Note that when the sampler is run with arguments algorithm=fixed_param, this section will be missing.

Data rows containing sampling draws

The output file contains the values for the thinned set draws during sampling. Here we specified num_sampling=100 and left thin at the default value \(1\), therefore the next 100 lines are data rows containing the sampler and model parameter values for each sampling iteration.

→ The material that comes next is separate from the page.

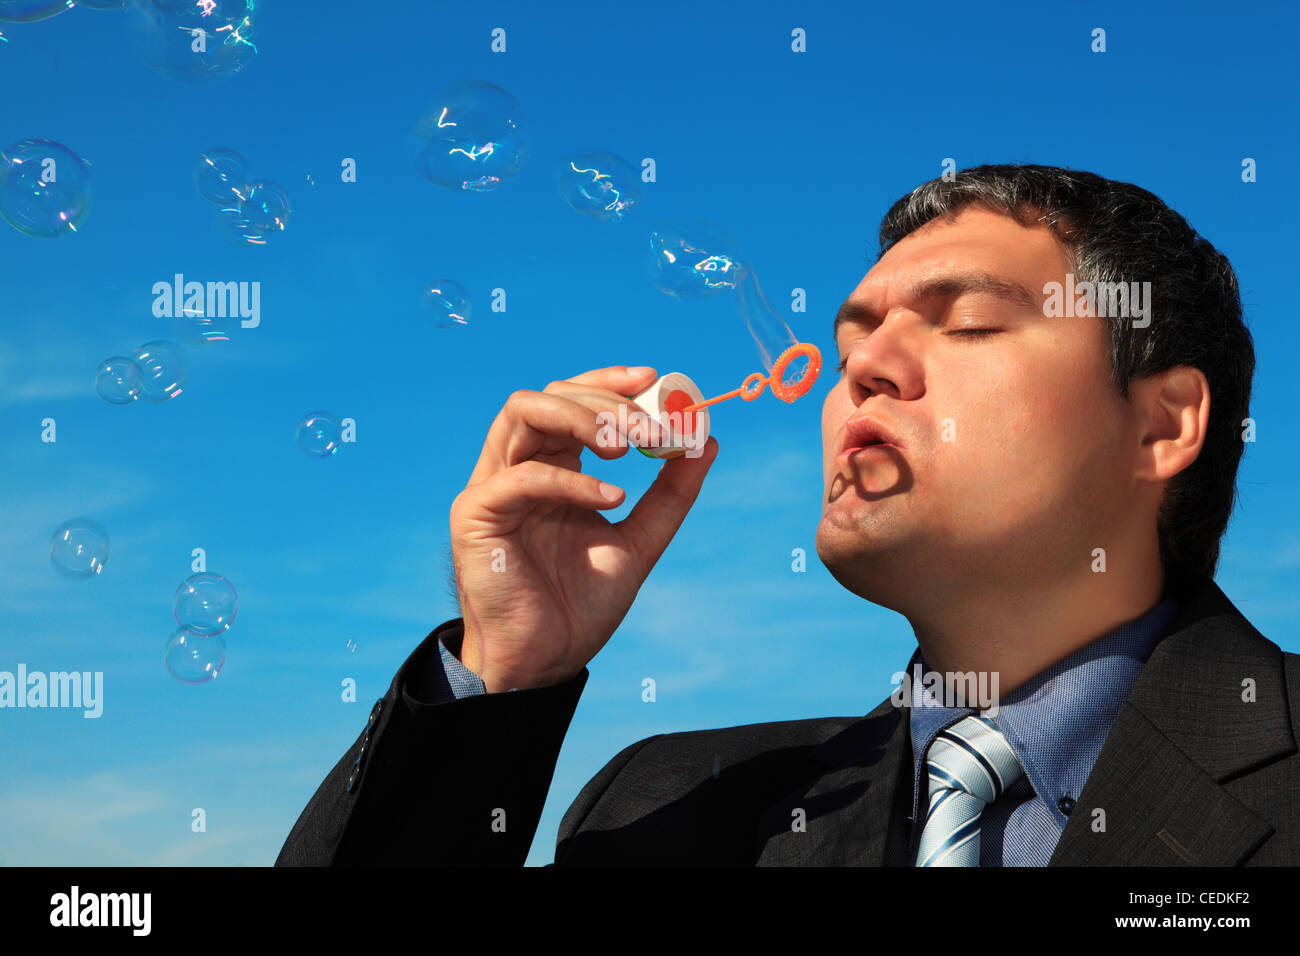 businessman blows soap bubbles against sky Stock Photo
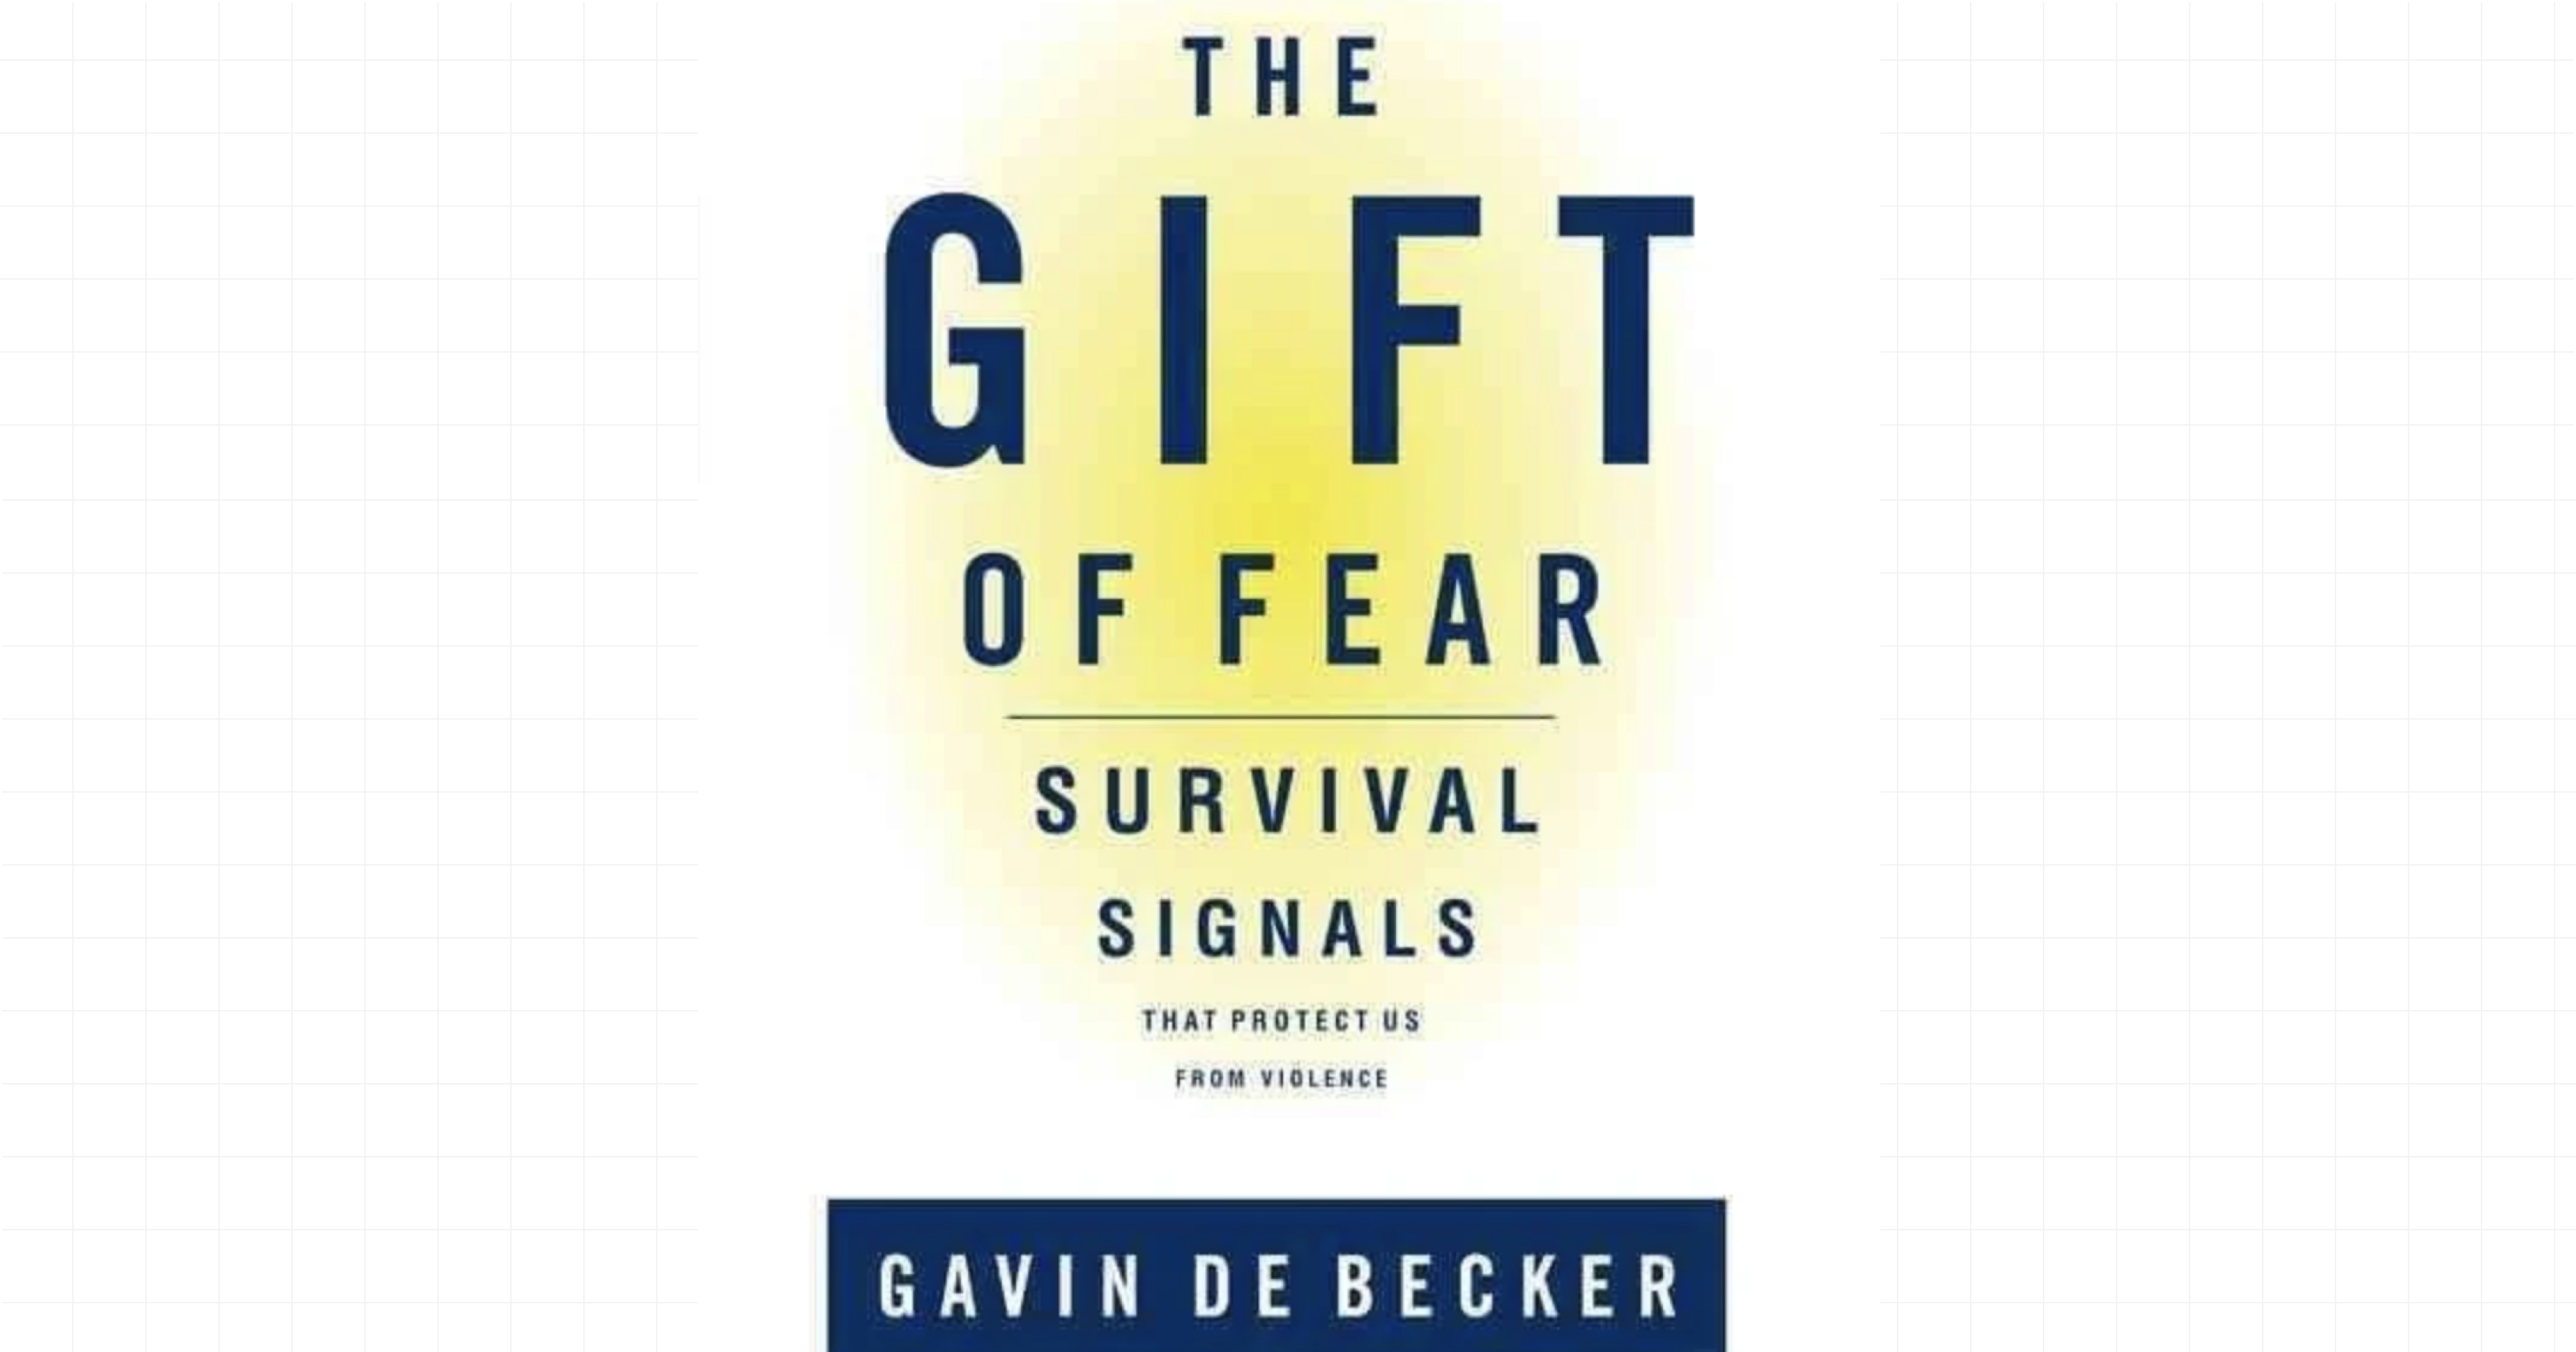 The Gift of Fear by Gavin de Becker

-8.76921,0.796814,0.813694,1,1,0,9.75854,0.535093
-6.79143,0.979604,0.813694,1,3,0,9.13092,0.214431
-6.79451,0.955359,0.813694,2,3,0,7.19149,0.289341

Timing information

Upon successful completion, the sampler writes timing information to the output CSV file as a series of final comment lines:

# 
#  Elapsed Time: 0.005 seconds (Warm-up)
#                0.002 seconds (Sampling)
#                0.007 seconds (Total)
#

19.2.2 Diagnostic CSV output file

The diagnostic file contains the following:

  • Initial comment rows listing full CmdStan argument configuration.
  • Header row
  • Data rows containing warmup draws, if run with option save_warmup=1
  • Sampling draws
  • Comment rows giving timing information

The columns in this file contain, in order: - all sampler parameters - all model parameter estimates - the latent Hamiltonian for each parameter - the gradient for each parameters

The labels for the latent Hamiltonian columns are the parameter column label with prefix p_ and the labels for the gradient columns are the parameter column label with prefix g_.

These are the column labels from the file bernoulli_diagnostic.csv:

lp__,accept_stat__,stepsize__,treedepth__,n_leapfrog__,divergent__,energy__,theta,p_theta,g_theta

19.2.3 Profiling CSV output file

The profiling information is stored in a plain CSV format with no meta information in the comments.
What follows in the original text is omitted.